Could you transcribe all of the data exactly and skip any pictures?

■ Raw data
▬▬▬▬▬▬

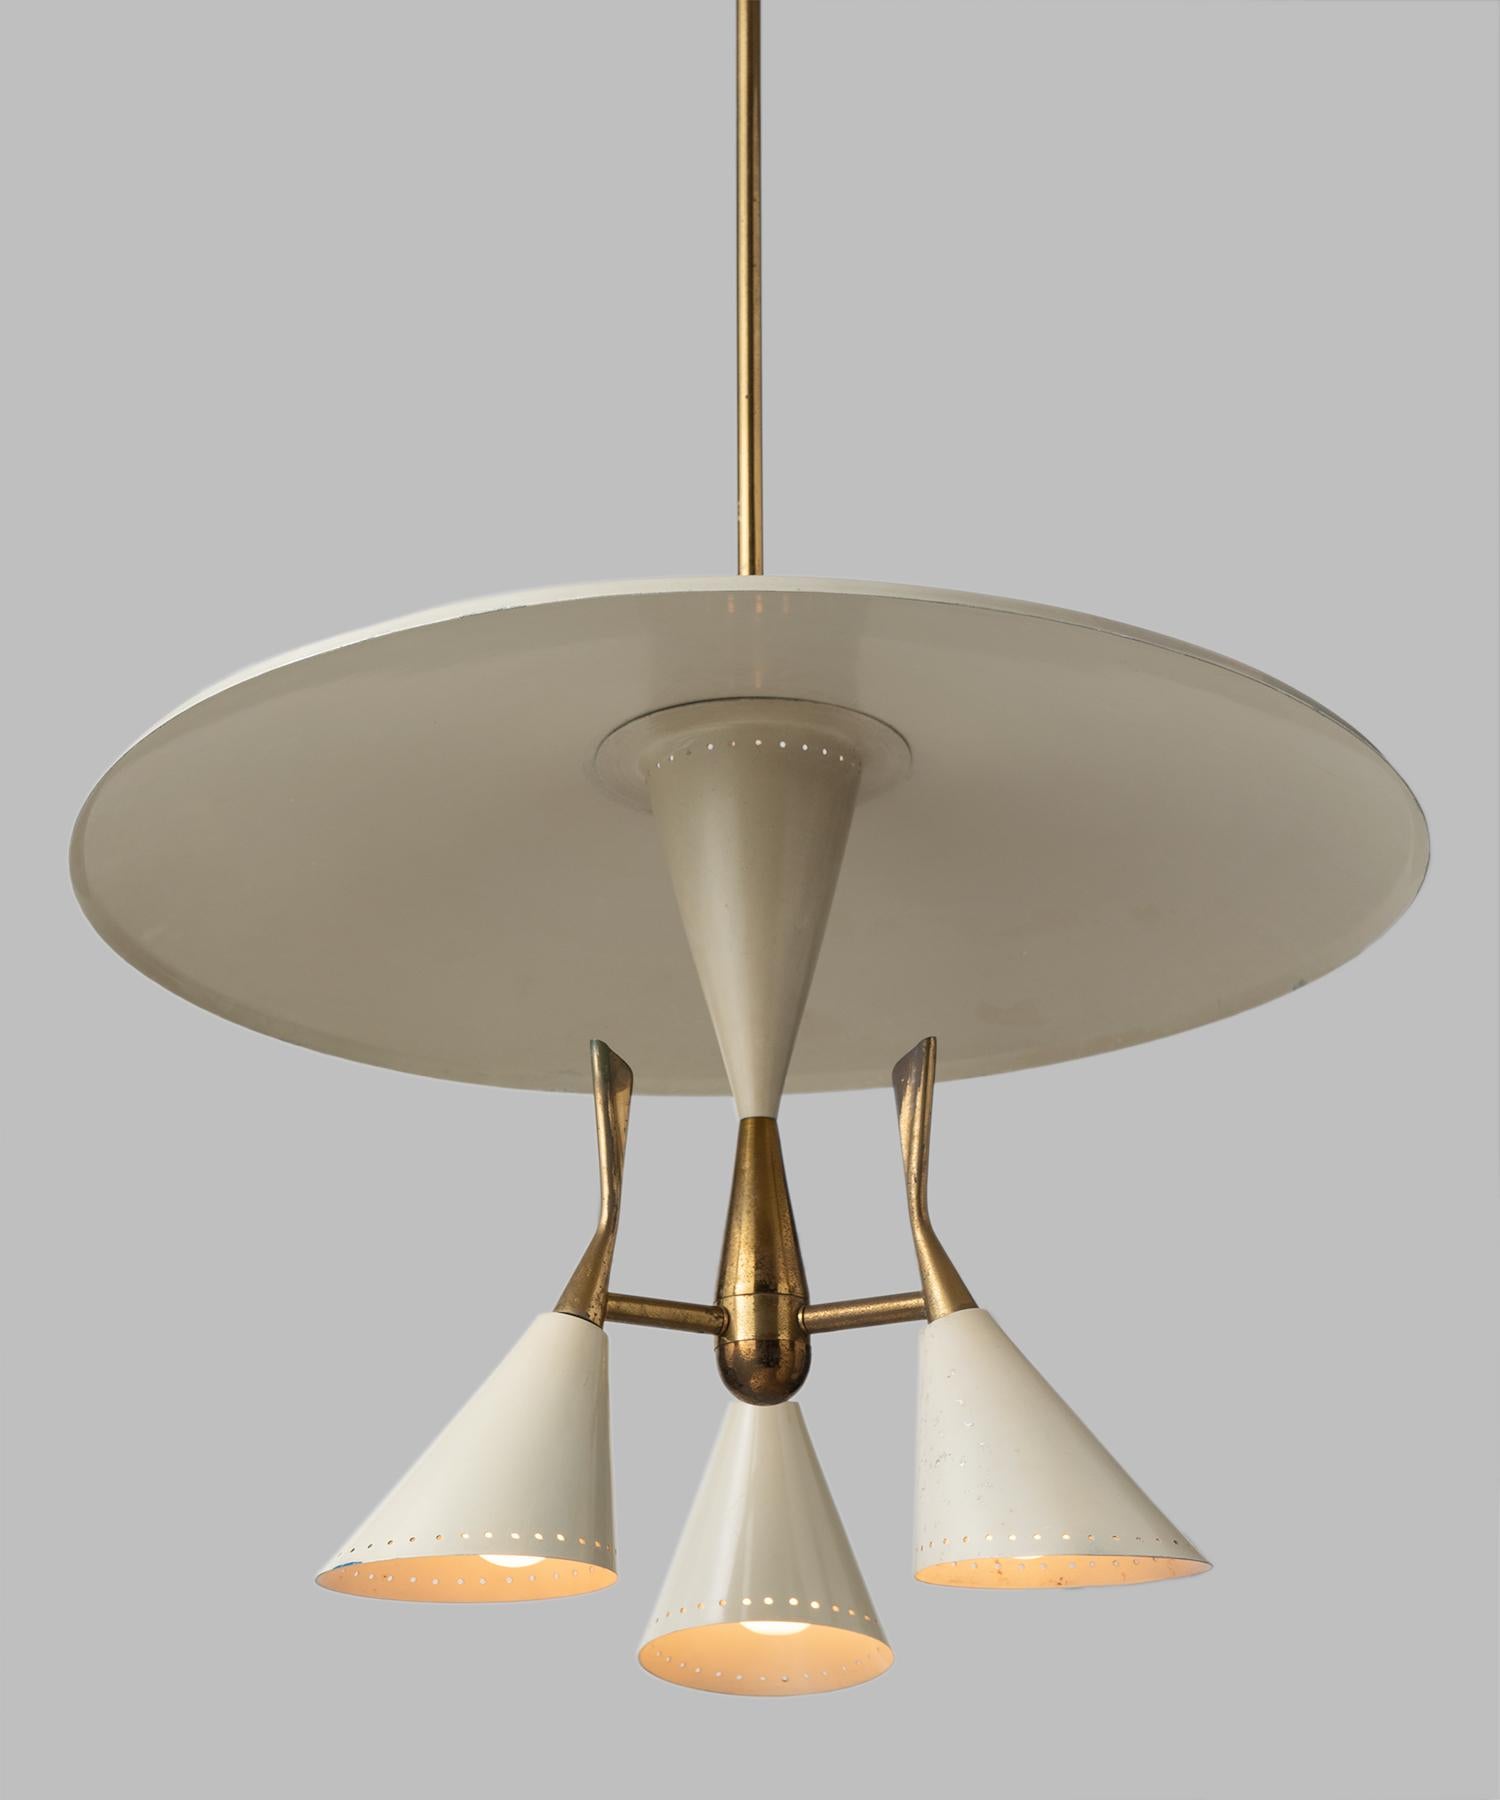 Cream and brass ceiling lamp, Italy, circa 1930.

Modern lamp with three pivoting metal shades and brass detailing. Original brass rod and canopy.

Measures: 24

▬▬▬▬▬▬

■ Solution
 Cream and brass ceiling lamp, Italy, circa 1930.

Modern lamp with three pivoting metal shades and brass detailing. Original brass rod and canopy.

Measures: 24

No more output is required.